Table 1: Duke 250/16 Instructions

The formats of the R, I, and J type instructions are shown below: number of bits in parenthesis, with the specific bit numbers shown in brackets (remember that the least significant or rightmost bit is bit 0).

| R-Type | Opcode (4) [1215] | Rs (3) [911] | Rt (3) [68] | Rd (3) [35]        | Shamt (3) [02] |
|--------|-------------------|--------------|-------------|--------------------|----------------|
| I-Type | Opcode (4) [1215] | Rs (3) [911] | Rt(3) [68]  | Immediate (6) [05] |                |
| J-Type | Opcode (4) [1215] |              | Address     | (12) [011]         |                |

Immediate values are 6-bit signed 2's complement, so you must ensure that you sign extend it.

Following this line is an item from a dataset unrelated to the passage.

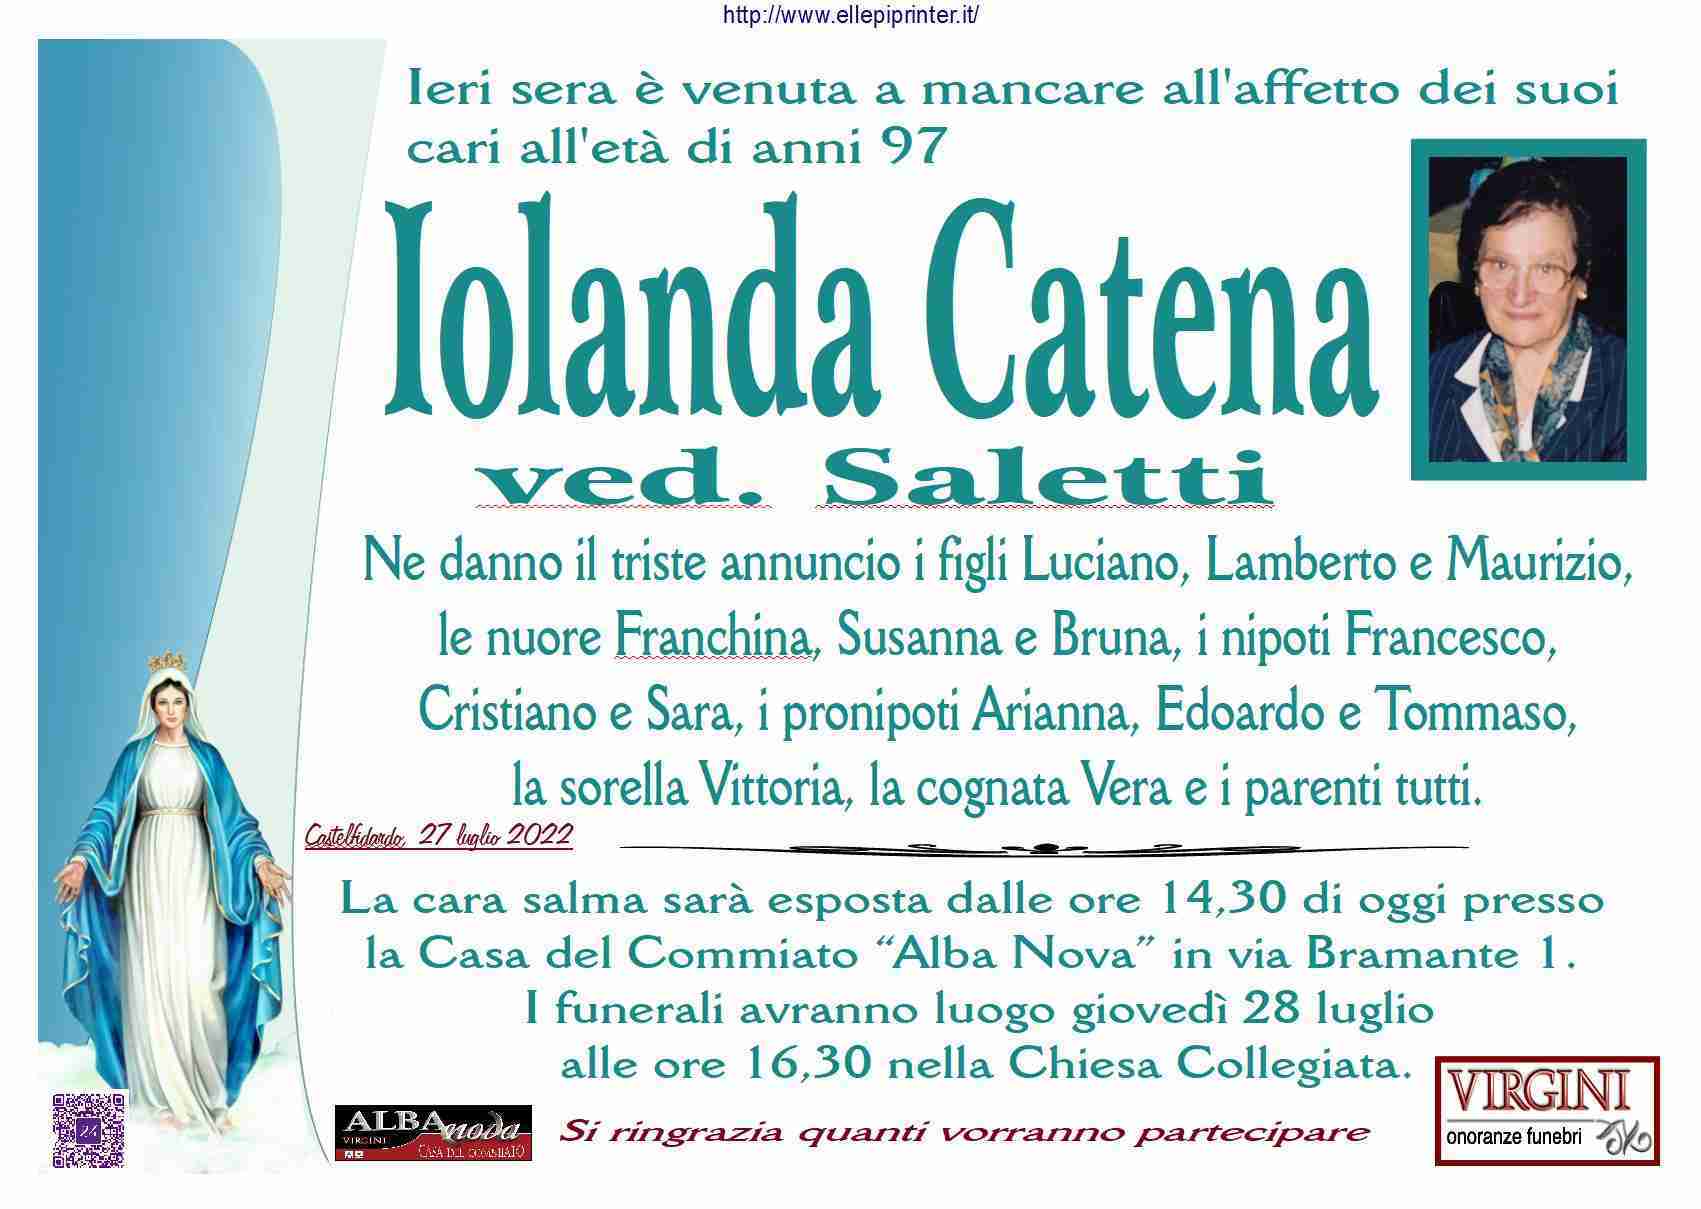 Iolanda Catena
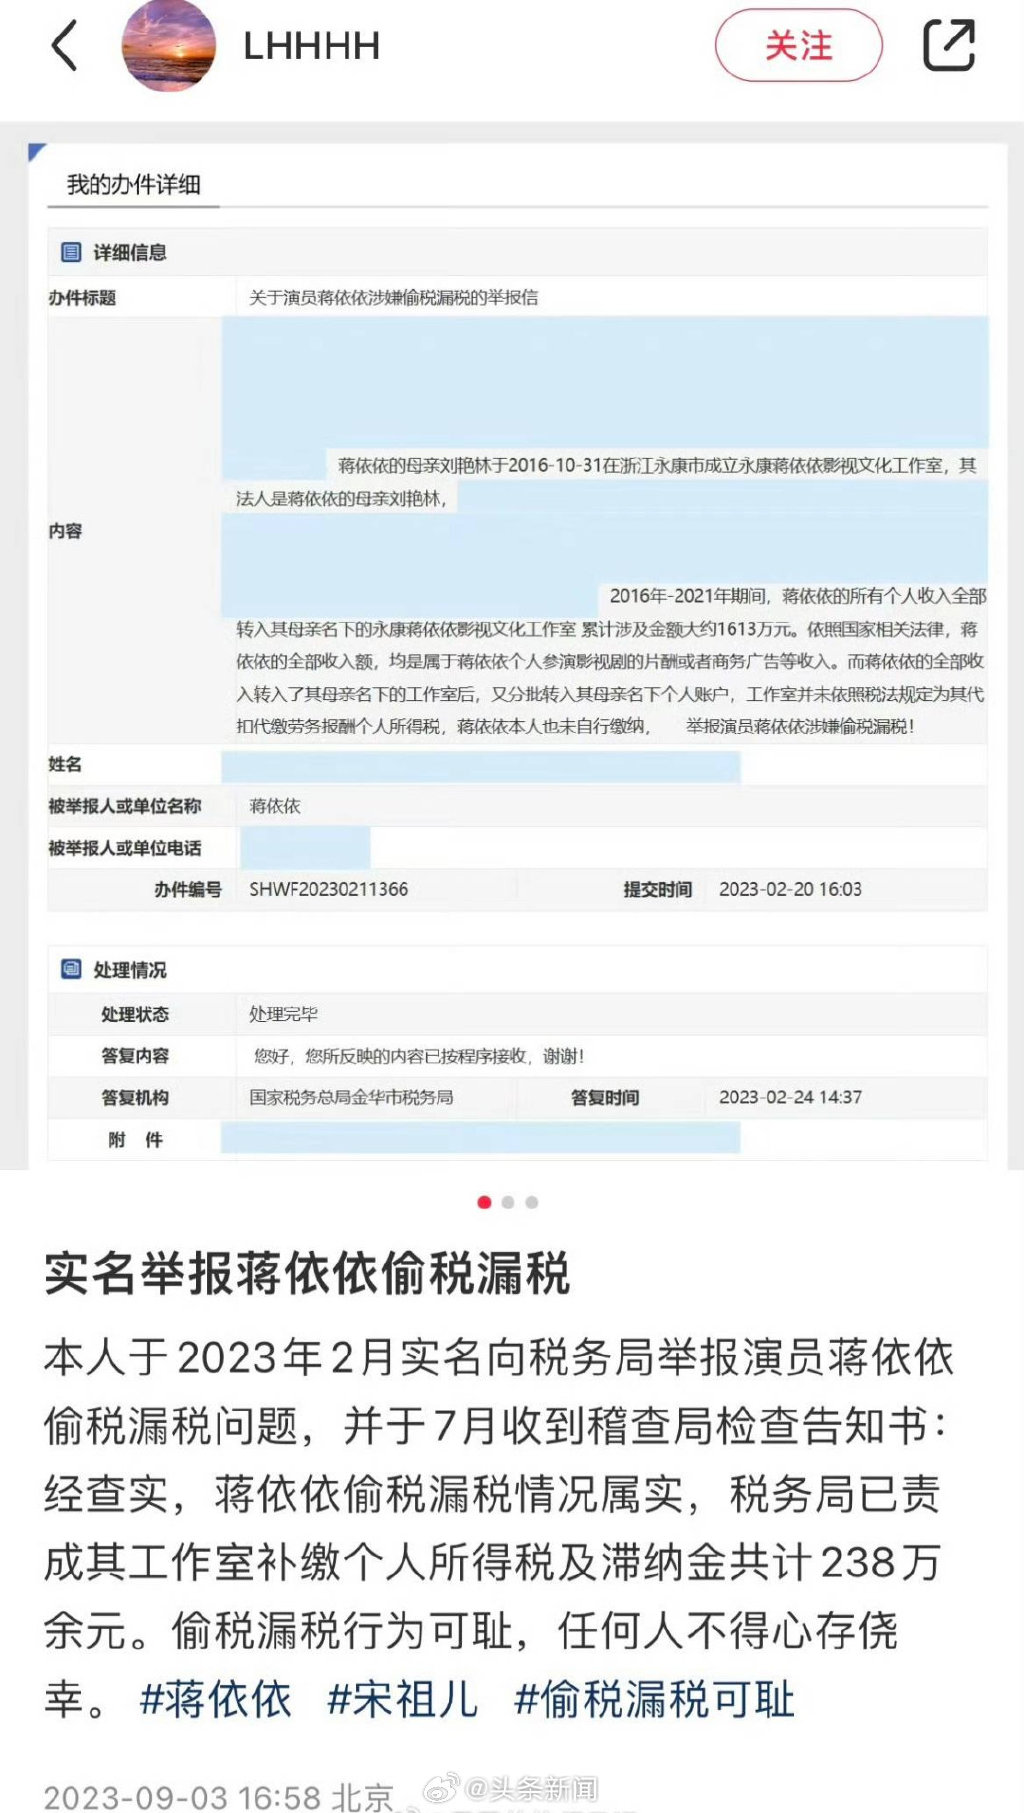 爆料人声称早在2021年税务局曾约谈蒋依依调查她的税务状况。

The *input* instruction is nonblocking, which means it will always complete and write something into the destination register. After a read, bits 15-8 of \$rt (\$rt[15..8]) should always be zero. If valid data was read from the keyboard, \$rt[7] should be 0 and \$rt[6..0] should be the 7-bit value read. If valid data was not available on the keyboard, \$rt[7] should be 1 and \$rt[6..0] should be 0. This has the effect that \$rt should be the ASCII code read from the keyboard, or 128 to indicate that no data was available. You will use the keyboard input device available in Logisim.

The *output* instruction writes the 7-bit ascii character contained in the low 7 bits of \$rs (\$rs[6..0]) to the Logisim TTY output device. Please use the TTY with the following specifications: 13 rows, 80 columns, and falling edge.

### **Registers**

There are 8 general purpose registers: \$r0-\$r7. The register \$r7 is the link register for the jal instruction (similar to \$ra in MIPS). The user of your CPU may write to it with other instructions, but that would mess up function call/return for them. Users of your CPU are also advised to use \$r6 as the stack pointer. \$r0 is the constant value 0 (i.e., an instruction can specify it as a destination but "writing" to \$r0 must not change its value).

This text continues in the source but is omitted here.